The characterization of these versatile molecules, the identification of their biosynthetic genes in plants and of their receptors in plants and fungi is at the moment a hot spot in plant biology [16–18]. In spite of the increasing knowledge on SLs synthesis and mechanism of action, the proteins that mediate their perception within the plant are still poorly known. Only two genes, encoding an F-Box protein and a predicted α/β-fold hydrolase, have been identified so far as potentially involved in the perception and/or transduction mechanisms of the SLs signal, since their mutants are SL-insensitive [16, 19]. As far as the proteins that are expected to perceive SLs in parasitic plants, even less is known . These studies open the question whether similar proteins with analogous functions may be present in the AMF, but on this respect, no genetic or biochemical information is available as yet. Nevertheless, Akiyama and co-workers  have highlighted the molecular structural requirements that specifically correlate with the activity of SLs in stimulating AMF branching vs. seed germination in parasitic plants. The incomplete overlap between such requirements makes it likely that the nature of SLs receptors is different in organisms belonging to different kingdoms, whereas it can be envisaged that SLs receptors in parasitic plants may share similarity with the receptor(s) for endogenously produced SLs.
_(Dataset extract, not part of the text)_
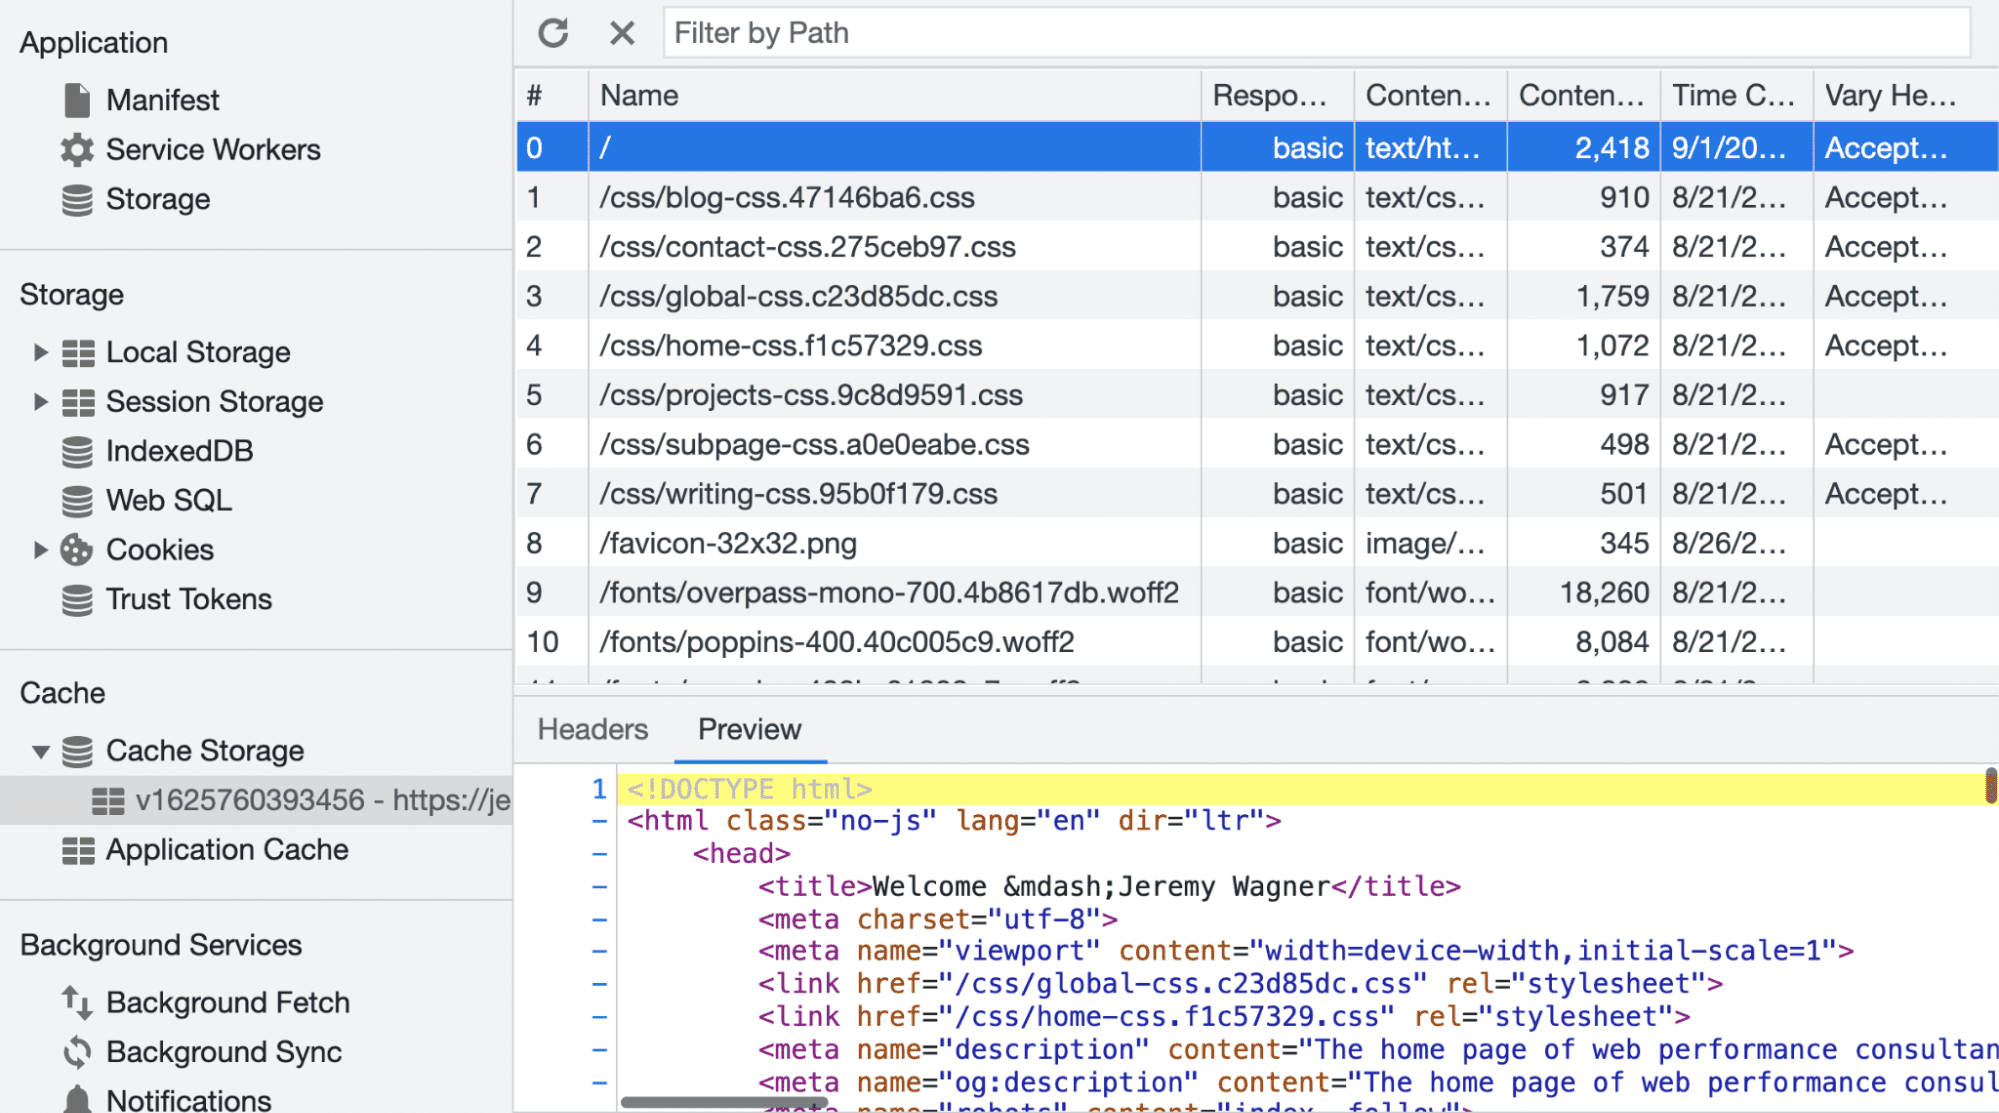 Inspecting the cache in DevTools

To identify the structure of a potential SLs receptor in plants we used multiple bioinformatics and computational approaches. These allowed us to propose a model compatible with the protein described in rice as D14, and to verify whether its docking features fit to a natural reference SLs molecule (Strigol). A similar approach was applied to GID1  and SABP2 , two plant proteins belonging to the same super-family as D14 and broadly involved in the metabolism and perception of two important classes of plant hormones, i.e. gibberellins and salicylic acid with its derivatives.
Results and discussion
Sequence analysis and homology modelling of D14
RsbQ belongs to the α/β-fold hydrolase super-family and is involved in the stress response of Bacillus subtilis[26, 27]. The 3D structure of the RsbQ protein was solved by X-ray crystallography and two 3D structures are reported in PDB: the native [PDB: 1WOM] and the inhibitor-bound one [PDB: 1WPR], the inhibitor being phenylmethanesulfonic acid (PMSF). Both were used as templates for the generation of the 3D model of D14 with three different methods, in order to prevent methodological biases (see Methods). The catalytic nucleophile, Ser96, has the same position in both the native and the PMSF-bound structure. This position of the nucleophile is shared among the α/β hydrolases and is due to the formation of a sharp turn, called the “nucleophile elbow” [28, 29]. The catalytic triad is buried inside the molecule and the active site is a hydrophobic cavity that is nearly isolated from the solvent. It is inferred from this feature that the catalytic site of RsbQ has specificity for a hydrophobic, small compound, rather than a macromolecule such as RsbP (a protein phosphatase physically interacting with RsbQ and involved in its signalling pathway). Instead, structural comparison with other α/β hydrolases demonstrates that a unique loop region of RsbQ is a likely candidate for the interaction site with RsbP, and that this interaction might be responsible for the product release by operating the hydrophobic gate between the cavity and the solvent.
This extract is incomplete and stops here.